A: Thirty-day escrow time frames were once the norm. On today's market, though, many lenders and real estate brokers write even the best-qualified, most fully preapproved buyers up for escrows to run at least 40 days -- minimum -- because of changes in the market and the mortgage regulatory system that have removed much of the control any given loan broker or lender has over how quickly a transaction can be done.

Many mortgage brokers say the only deals that close in 30 days or less anymore are cash purchases.

Here are a few things you should be aware of and think about:

1. Your 35 days was probably not a true 35 days. When you look back from today on the calendar, you'll see at least five days' worth of federal and banking holidays have fallen within the previous 35 days, what with Christmas and New Year's Day, both their eves and Martin Luther King Jr. Day.
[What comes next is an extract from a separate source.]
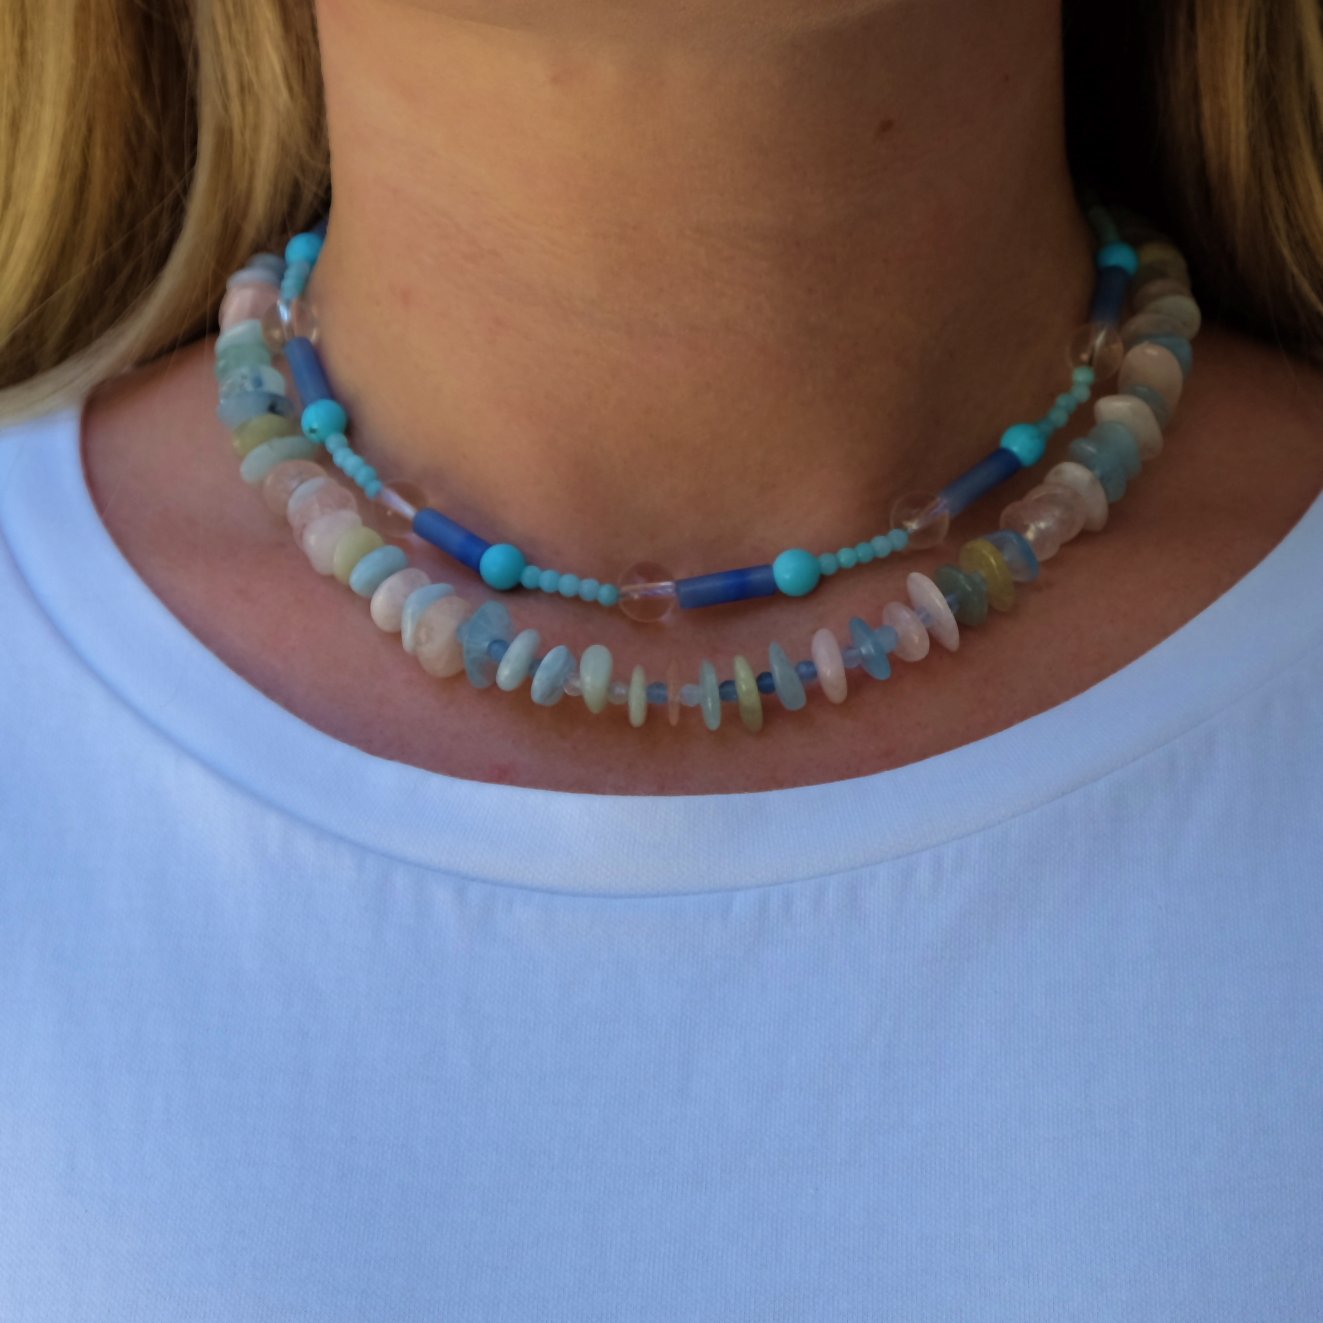 DUO Necklace with Aquamarine, Amazonite and Turquoise

Take those and all the weekends out, and your mortgage broker, appraiser, and underwriter have really had more like two weeks to work on your loan.

2. It's tough to turn a loan around in 35 days on this market. And while two weeks sounds ample, it's really not when considering the current mortgage marketplace. Most mortgage lenders now are required to order appraisals through a third-party appraisal management service, which then reaches out to appraisers. 

This middleman arrangement was designed to eliminate any lender-appraiser influence, but in actuality has created a number of logistical problems, one of which is extending the time it takes an appraisal report to be issued. 

It's not at all uncommon for just the appraisal portion of a loan underwriting process to take three weeks, assuming everything goes smoothly; only then does the lender actually do its in-depth underwriting review of your application and financials to ready the loan for funding, a process that can also take two or three weeks in the best-case scenario.

3. Whether you have recourse to back out depends on the contract. Most home purchase contracts have a loan contingency that enables you to cancel the deal if you are unable to qualify for the loan. In some cases, the contract loan contingency actually stays in place until the loan is funded.

However, the home purchase contracts that are most likely to veer outside of normal standards and practices are, you guessed it, new-home sales contracts. Because the builder often has its own lawyer write these contracts, they frequently have clauses that weigh in the builder's favor, such as a $300 per day late closing fee.

If you are working with a real estate agent, you might consider talking with his broker or manager to see if they can help you (a) negotiate for an extension of time without the penalty fee, or (b) help you get out of the transaction entirely if you feel the $3,500 is truly worth giving the home up. 

In any event, it might not hurt for you to have an hour's consultation with a local real estate attorney who can read the contract, advise you of your rights and any legal bases for getting out of the penalty or the transaction, and perhaps even write a letter or make a phone call on your behalf to the builder to try to get things back on track. 

For example, with Department of Housing and Urban Development-insured FHA loans, there is a little-known clause every seller has to sign that requires the earnest money to be refunded if the buyer is unable to secure the loan. VA loans are quite specialized, but a good real estate attorney will be able to comb through your contract, any loan-related documents that the seller/builder might have signed, and your state's body of law to detect all your rights and powers in this situation.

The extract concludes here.